Restaurant information
- Established: 1924 in Buellton, California
- Location: 12411 South Highway 33, Santa Nella, California, 95322, United States
- Coordinates: 37°06′33″N 121°01′01″W﻿ / ﻿37.1091068°N 121.0169014°W
- Other locations: Buellton, California (1924–2024); Carlsbad, California (c. 1980s); Mammoth Lakes, California (c. 1980s); Selma, California (c. 1980s–2001);
- Website: Official website

= Pea Soup Andersen's =

Restaurant in Santa Nella, California, United States

Pea Soup Andersen's is a restaurant in Santa Nella, California that primarily serves travelers. It was formerly a chain, with previous locations along other major travel highways in California. The original Pea Soup Andersen's opened in Buellton in 1924. The Santa Nella restaurant then opened in 1976 as its second location. Other locations that operated in the 1980s included Carlsbad, Mammoth Lakes, and Selma. The Buellton location closed in January 2024 for redevelopment, leaving the Santa Nella restaurant as the only Pea Soup Andersen's location currently open. While it is best known for their pea soup, the restaurant serves complete home-style meals. The location also includes a bakery and gift shop and has an associated hotel on the property. The restaurant also markets a line of canned soups.

== History ==
The original Andersen's restaurant was founded in 1924 by Anton Andersen and his wife Juliette. Anton Andersen was born in Denmark and had received training in the restaurant business in Europe and New York City. Juliette was born in France. Anton and Juliette purchased property in the small town of Buellton, California, in Santa Barbara County. Buellton and neighboring Solvang were the focus of a colony of Danish Americans and recent Danish immigrants. They opened a small restaurant and named it "Andersen's Electrical Cafe" in honor of their proudest possession, a new electric stove.

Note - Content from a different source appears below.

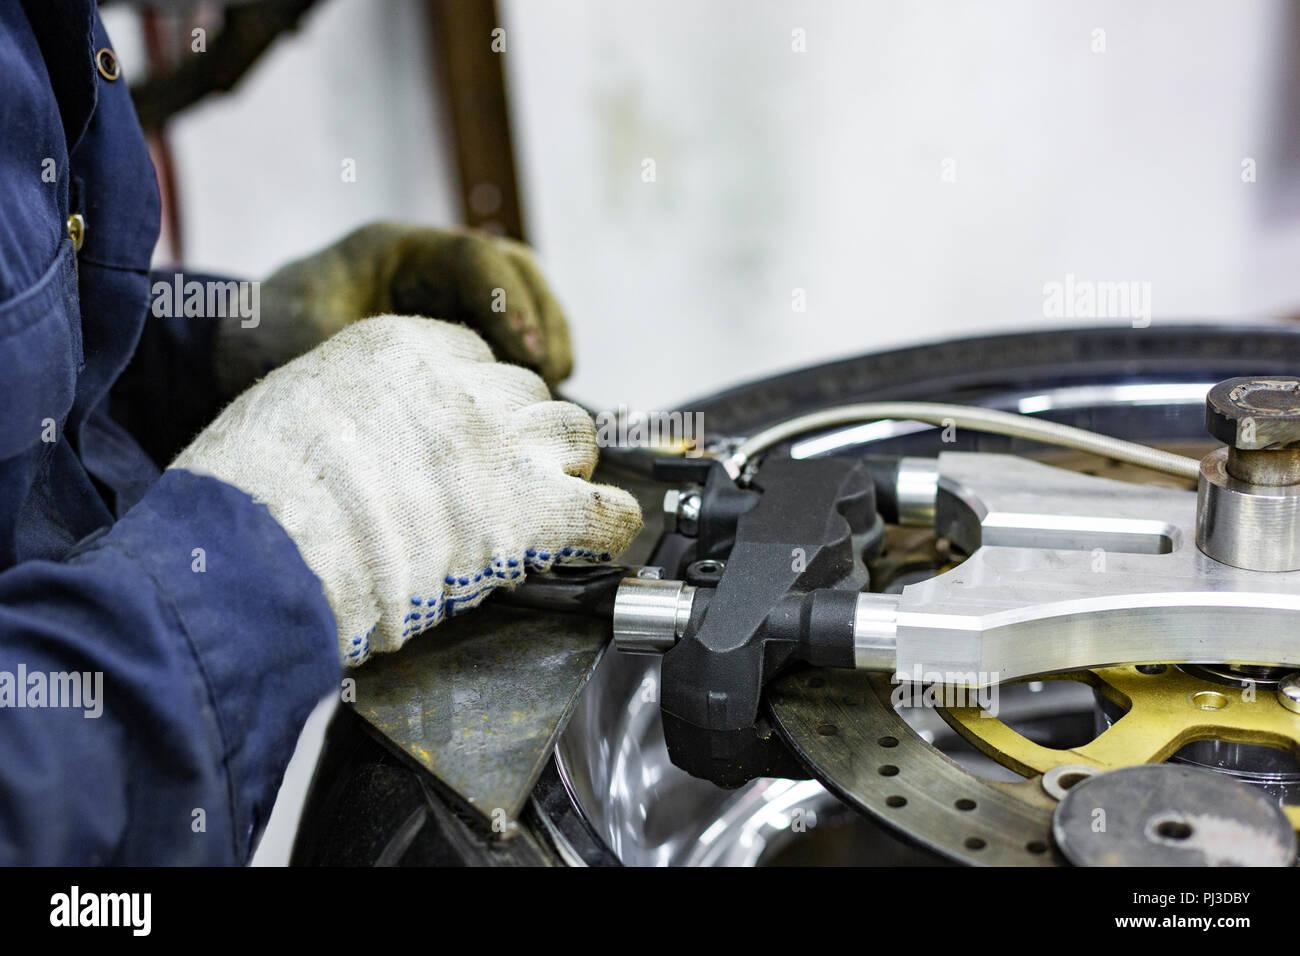 Professionelle Kfz-Mechaniker arbeiten in Auto Reparatur Service Stockbild

When the restaurant opened they served simple fare such as sandwiches, pancakes, and coffee. From the beginning their customers were primarily travelers driving the main highway between Los Angeles and San Francisco (now U.S. Highway 101) — salesmen, tourists and truck drivers. After three months in business, pea soup was added to the menu, which was made from a recipe handed down through Juliette's family. While the restaurant's reputation became known for their good food, Juliette's pea soup was the signature attraction.

In 1928 the Andersens added a hotel and dining room to the cafe on their property. These changes shifted the focus of Pea Soup Andersen's from being just a restaurant to a roadside attraction. With Buellton located along Highway 101, it made Pea Soup Andersen's a convenient stop for travelers heading between Los Angeles and the San Francisco Bay.

In the 1930s their son Robert graduated from Stanford University and entered the business. He nicknamed himself "Pea Soup Andersen", which became the name of the restaurant and business in 1947. He established the tradition of billboards up and down the state of California. He also acquired the rights to a cartoon called "Little Known Occupations" from Charles Forbell, which showed comical chefs splitting peas with a hammer and chisel, and turned them into the restaurant's mascots, "Hap-pea" and "Pea-wee".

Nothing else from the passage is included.